[arin-ppml] Implementation of NRPM 8.3

Ted Mittelstaedt tedm at ipinc.net
Mon Apr 25 11:47:36 EDT 2011

On 4/22/2011 9:51 PM, Owen DeLong wrote:
> On Apr 22, 2011, at 4:45 PM, Ted Mittelstaedt wrote:
>> On 4/22/2011 2:35 PM, John Curran wrote:
>>> On Apr 22, 2011, at 4:49 PM, Ted Mittelstaedt wrote:
>>>> Whichever your viewpoint of right, is, the problem all this boils
>>>> down to is that the RIR system did not choose to work through the
>>>> United Nations and the world's governments to have countries pass
>>>> laws to enforce aspects of Internet governance, the way that
>>>> the telephone companies did back when the phone network was being
>>>> extended a hundred years ago.
>>> Agreed.
>>> The "international treaty" approach has distinct strengths and weaknesses
>>> compared to the "multi-stakeholder, private sector led, bottom-up policy"
>>> approach.  We're definitely following the latter approach.
>> Not 100% though otherwise ARIN wouldn't have joined ITU - and the
>> focus on community-driven policy also carries a lot more weight
>> with the "international treaty" crowd than it does with the courts
>> (who many times don't give a rat's ass what most people want)
> I think you're off base here. I think ARIN joined ITU in order to defend
> our process from their attempts to override it.
>> If the RIR system did get pushed into the treaty mechanism at some
>> future date, ARIN would be in a lot stronger position because of these
>> actions.
> Which, frankly, I think is part of the reason for joining ITU.
> I remember in KL spending some time talking to the ITU representative
> and explaining to her that the problem most of us have with the ITU is not
> that they are open to the participation of governments, but, the fact that they
> are not so open to the participation of everyone who is not a government.

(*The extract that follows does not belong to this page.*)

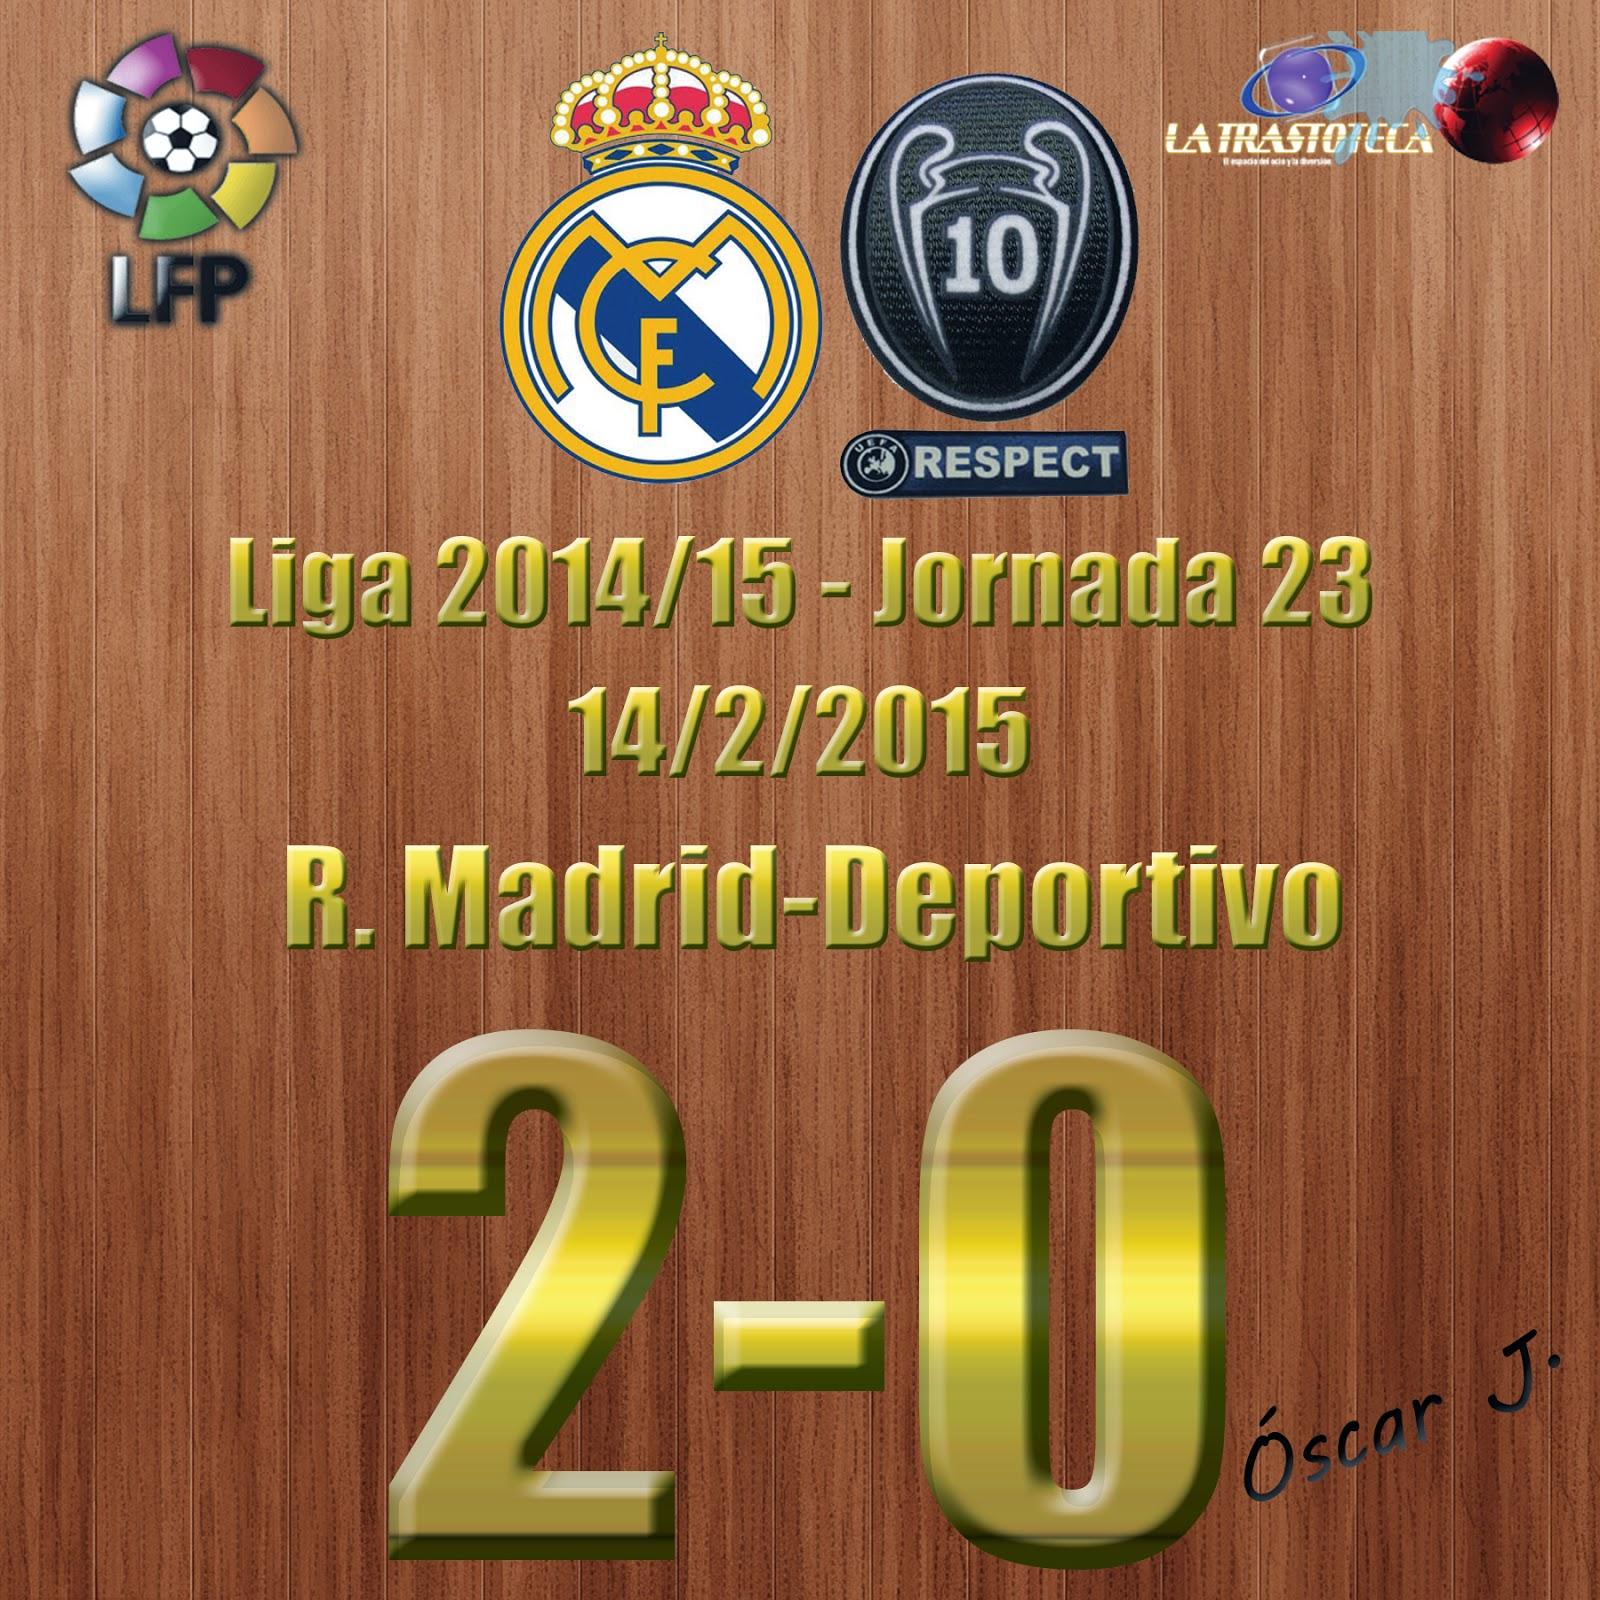 Isco (1-0) - Real Madrid 2-0 Deportivo - Liga 2014/15 - Jornada 23 - (14/2/2015)

My problem with bodies like the ITU is that they give despots a voice
at the table.  Why should governments like North Korea have any voice
at all in setting Internet Policy?  They have no commercial Internet
activity of any consequence, their only interest in the Internet is to
use it for their government to spy on the rest of the world.  Thus,
they need to stay shut out of making policy.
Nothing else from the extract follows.